Analytical model for torsional behavior of reinforced concrete beams strengthened with fiber reinforced polymer sheets

This study presents a new analytical model for predicting the full torsional response of reinforced concrete (RC) beams strengthened with fiber-reinforced polymer (FRP) composites. The proposed approach extends the Modified Softened Variable Angle Truss Model by incorporating the confinement effects of FRP materials on concrete and accounting for the softened compressive and tensile behavior of concrete. These enhancements improve the accuracy in predicting the torsional response. An iterative trial-and-error algorithm, implemented in MATLAB, based on the modified constitutive relationships of concrete under the influence of external FRP reinforcement and the equilibrium conditions of the beam. The validity and reliability of the proposed model were assessed using 38 experimental RC beam specimens strengthened with carbon-FRP (CFRP) or glass-FRP (GFRP) in various practical configurations reported in the literature.
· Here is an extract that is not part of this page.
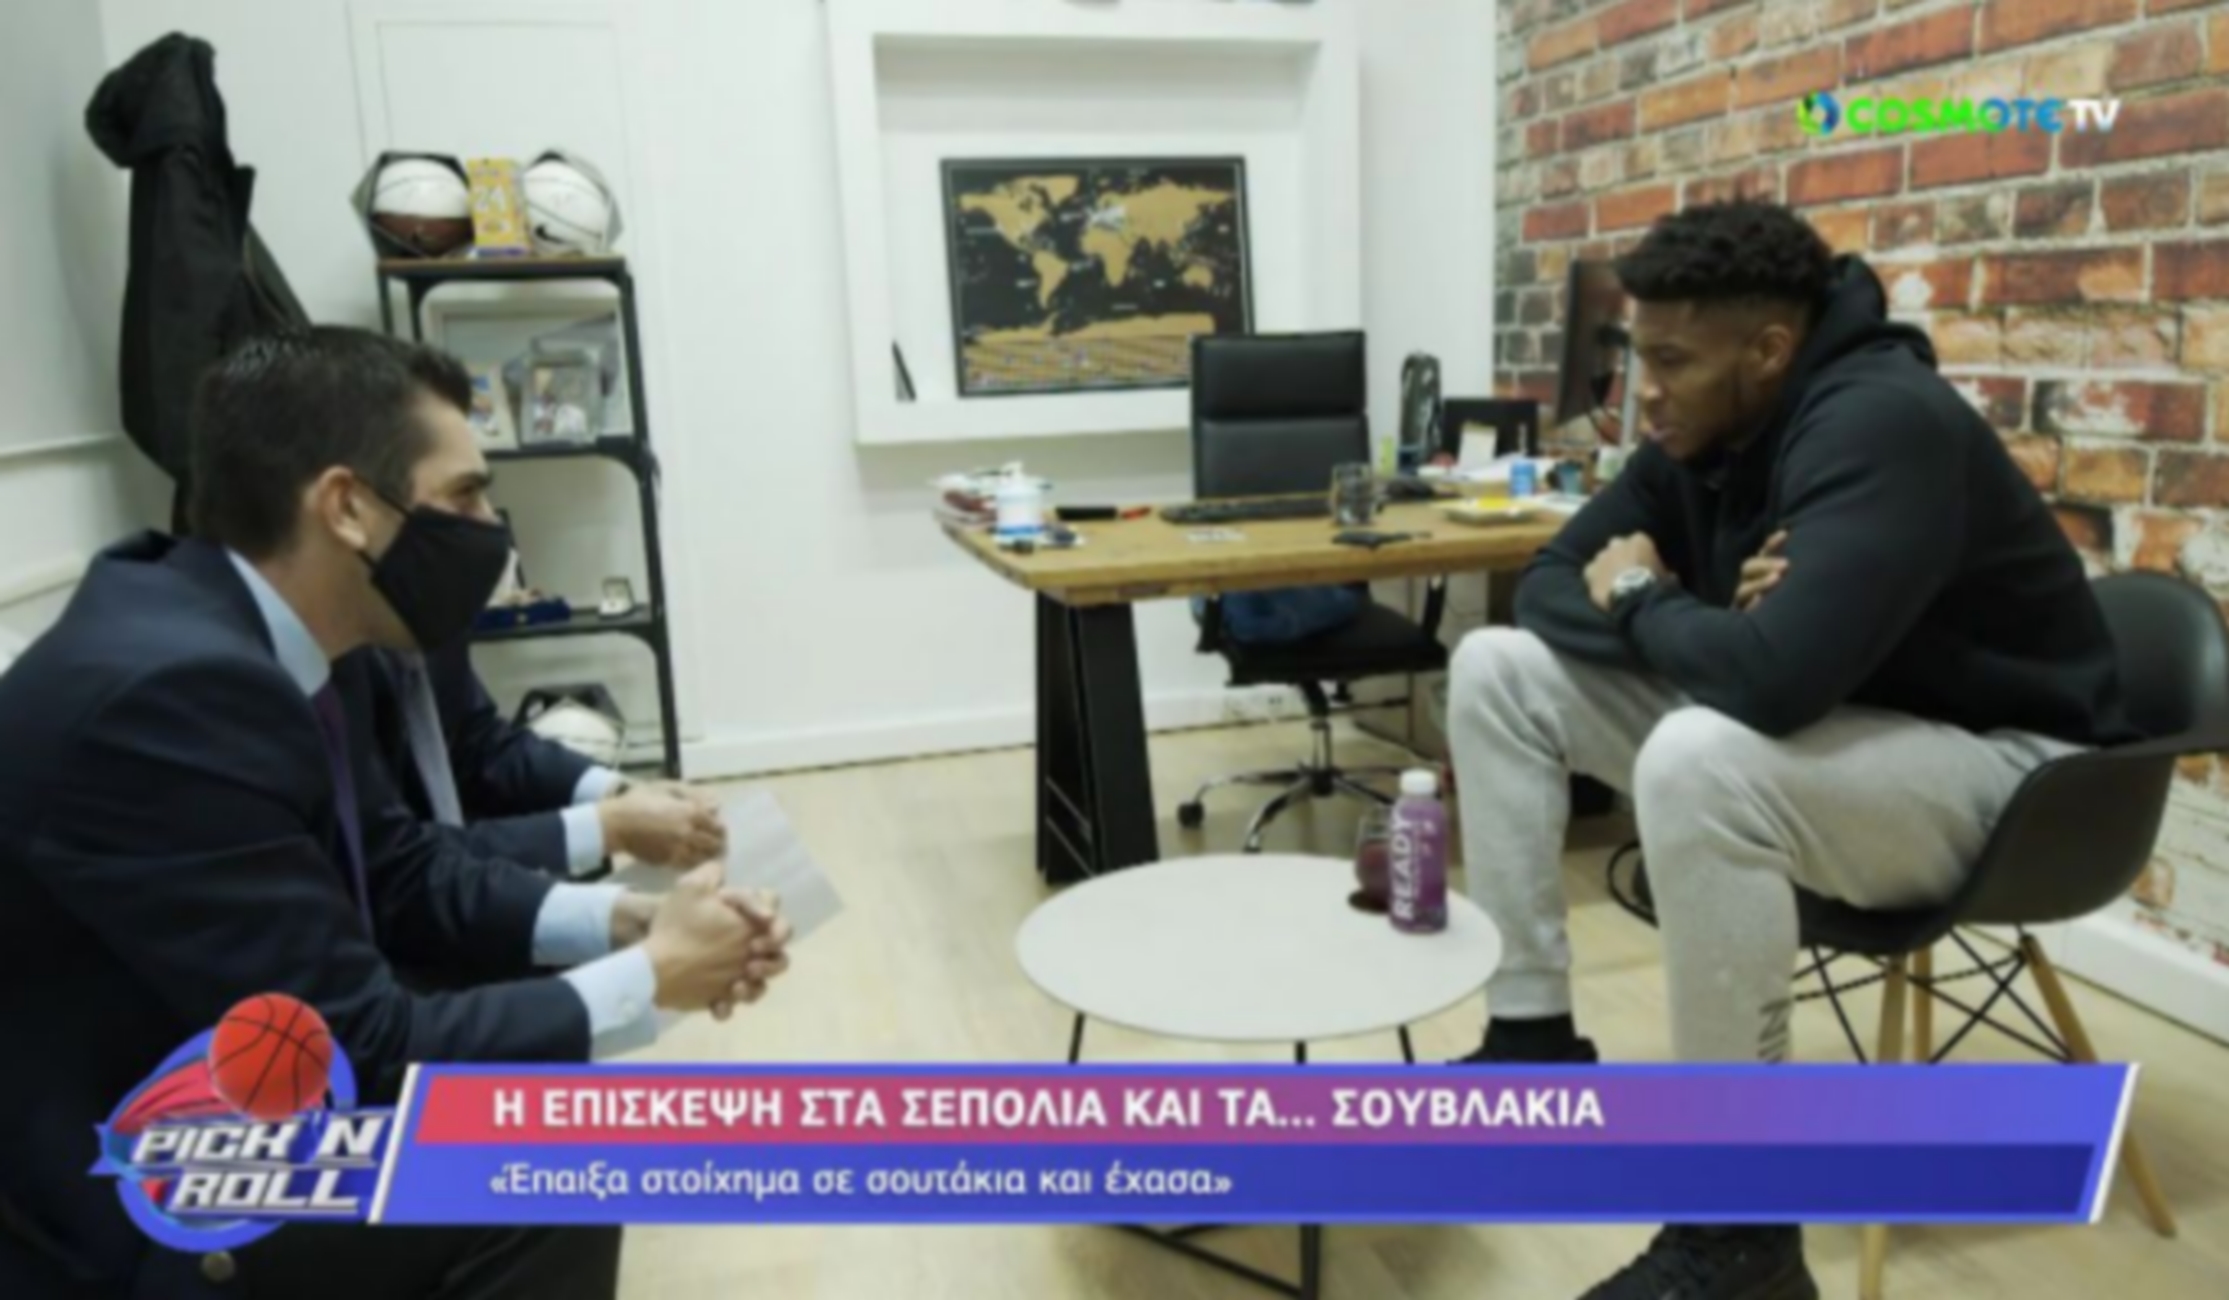 Αντετοκούνμπο: “Να παίζω στην Εθνική μέχρι τα 40 μου”! Τι είπε για Τσιτσιπά και το περιστατικό στα Σεπόλια (videos)

For comparative evaluation, the torsional strengths of the same specimens were also predicted using the fib Bulletin 90 strut-and-tie approach. The analytical results show closely match experimental results, capturing complete torque-twist curves of the tested beams. In contrast, predictions obtained from fib Bulletin 90 were found to be conservative, yielding an average strength ratio of approximately 0.81 relative to the experimental results.